Surely they passed me to a public rehab center and there started my long rehabilitation journey. I can hardly describe what I went through, as my mind and body were so used to taking drugs that at first I suffered every waking minute. Besides I was sure that I would never recover and only lose time suffering. Of course with that attitude I only made the things even worse.
Maybe I would have ended up relapsing the following day after signing out of the center if it weren’t for my new friend. We got to know each other at an AA meeting. He had a similar story but for some reason had a positive attitude and hope for rehab. As the beginning of my drug story began with romance, the end started the same. But this time it was a journey for a responsible sober life.
Today I’m completely clean from heroin. That boy became my husband. And I will be grateful to him all my life to show me that there is always a way out from the shame and suffering of addiction.
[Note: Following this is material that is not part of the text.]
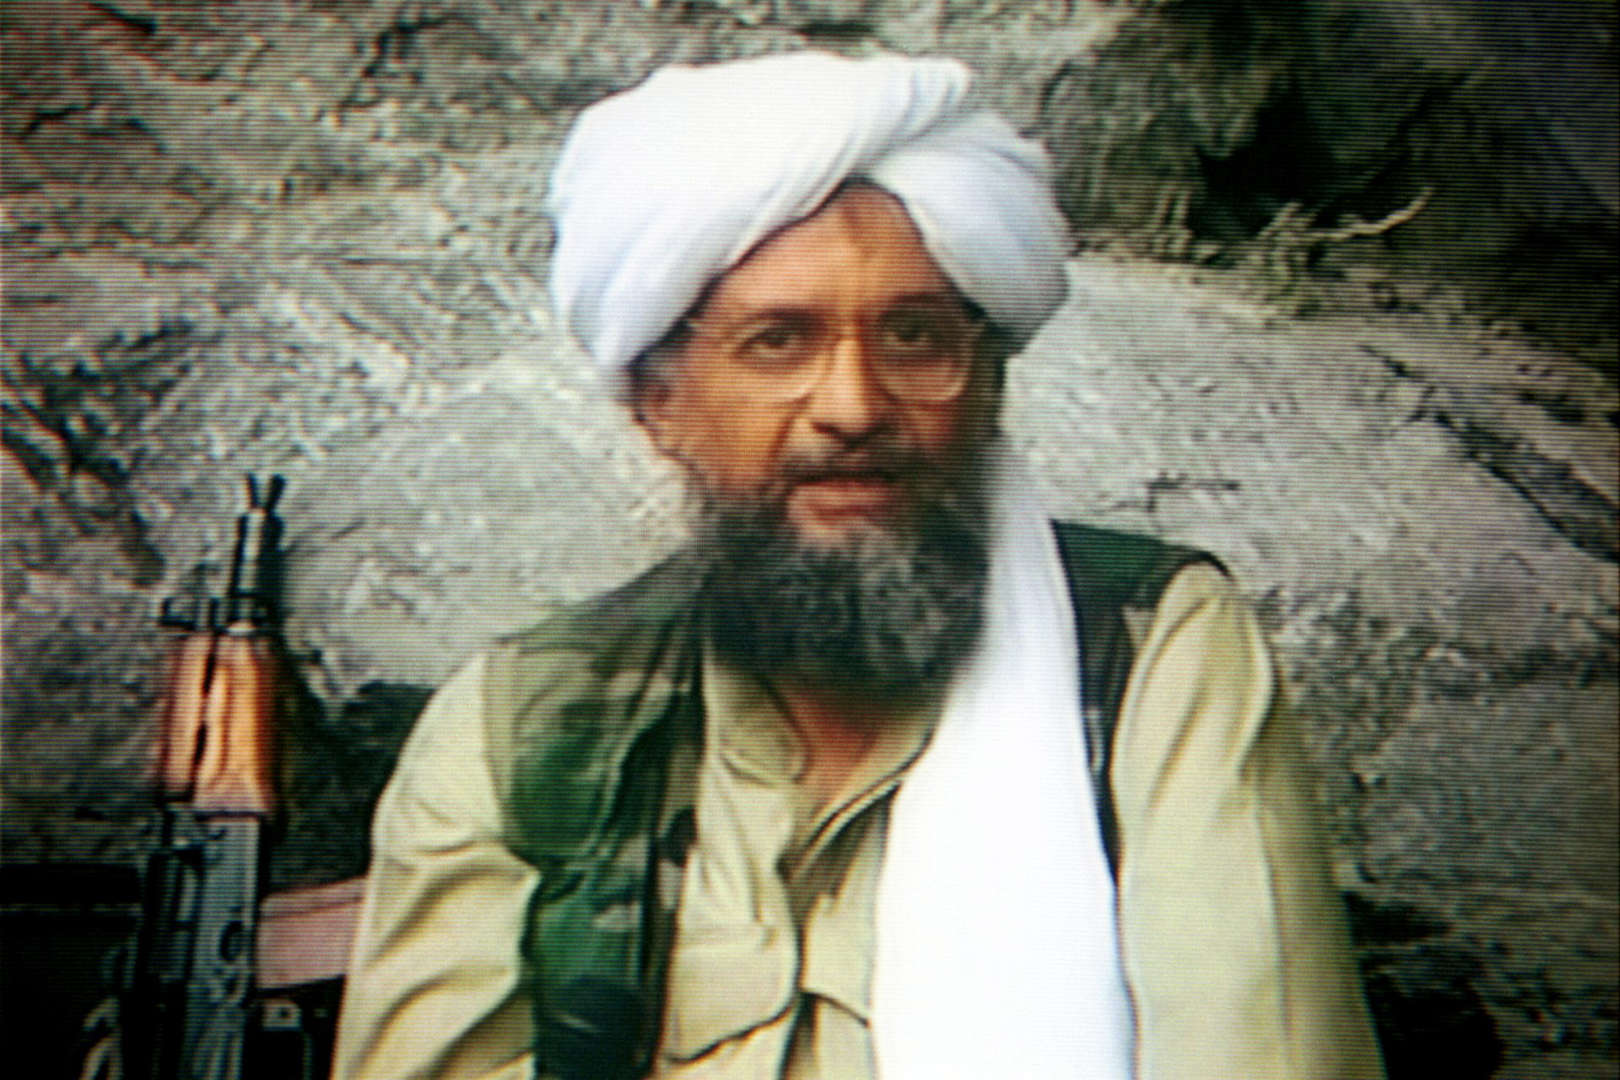 Diapositiva 1 di 25: Era già scampato ad un attacco il 13 gennaio 2016, Ayman Al-Zawahiri, l'ex numero 2 di Osama Bin Laden. In quell'occasione, secondo quanto riportato dalla BBC, aveva ammonito il presidente George W Bush: né lui "né tutte le potenze della Terra" avrebbero potuto anticipare la sua morte "di un secondo", aveva detto il leader di Al Qaeda. Sedici anni dopo, però, tra il 30 e il 31 luglio 2022, la sua sorte è cambiata.

We were a backbone to each other on that way to a new life. We still assist from time to time in AA meetings and share our experience with other people who have the same problem as we did. I can tell that after rehab I was born again. My mindset completely changed, I feel like an adult and a responsible person. Now I’m a happy wife and mother and thank God each day of my life.
I hope my story could be an inspiration for anyone suffering from substance abuse and thinking there is nothing left for him in this life. It’s not so. And it’s worth it to undergo the hard process of rehab and really start to enjoy sober life. There is nothing better than wake up every day sober and feel clarity of mind instead of thinking how to get drugs. There is nothing more precious than our health and life.